50.Bölüm:'Sadece Sana Deliyim'

Start from the beginning
                                    

"Sakin ol. Şu an sapasağlam dışarıda." dedi Batu. "Nasıl?" diye sordum. "Sen bayıldıktan sonra direkt buraya getirdik. Kartal, Bozkurt'a kızdı. Galiba Bozkurt acıdı damatlarına. Saat yirmi iki otuz'a kadar atletle dışarıda koşacaklar." Kaşlarımı çattım. Kolumu kaldırıp saate baktım.

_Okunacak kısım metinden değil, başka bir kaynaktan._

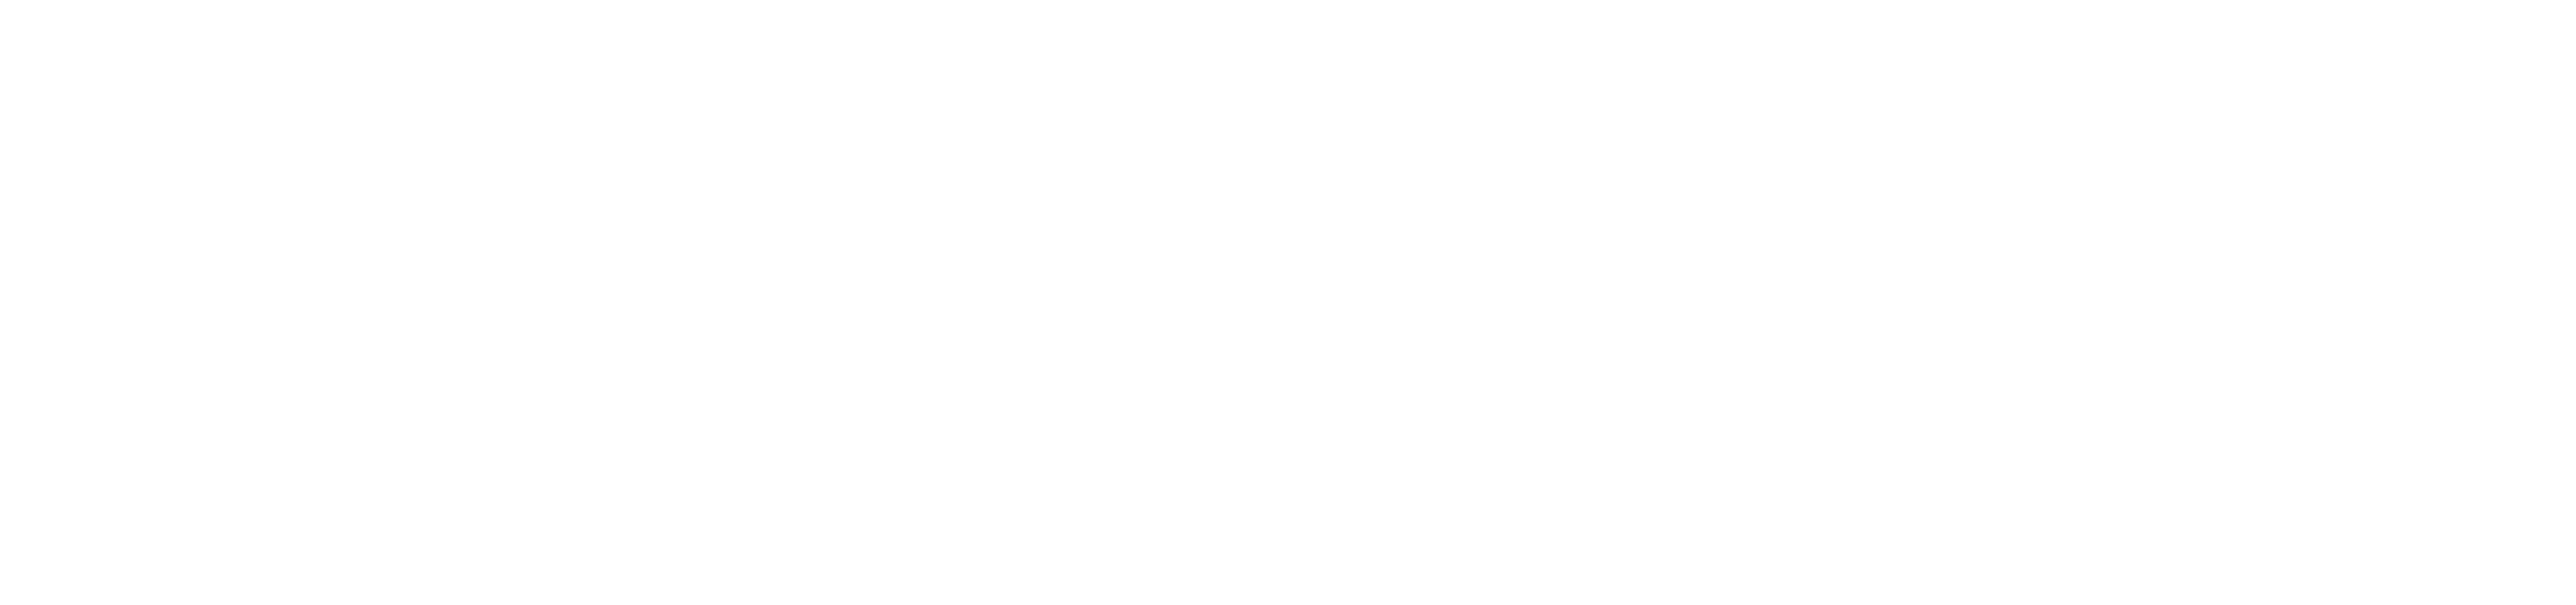 Fornybar Norge logo

"On beş saat boyunca koşacak mı?" dedim. "Yalnız değil. Mert ile beraber koşacak." dedi. "Ama hava soğuk." dedim.

"Bozkurt; ya ölüm, ya zülüm der gibi baktı. Onlar da ikinci seçeneği seçti." dedi.

Doğrulacakken Batu engel oldu. "Senin dinlenmen gerekiyor. Bu aralar hiç dikkat etmiyorsun kendine." dedi. Umursamayıp ayağa kalktım. Serum askısını yanıma alıp çıktım. Dışarı ayak bastığımda Poyraz ve Mert'i hemen fark etmiştim.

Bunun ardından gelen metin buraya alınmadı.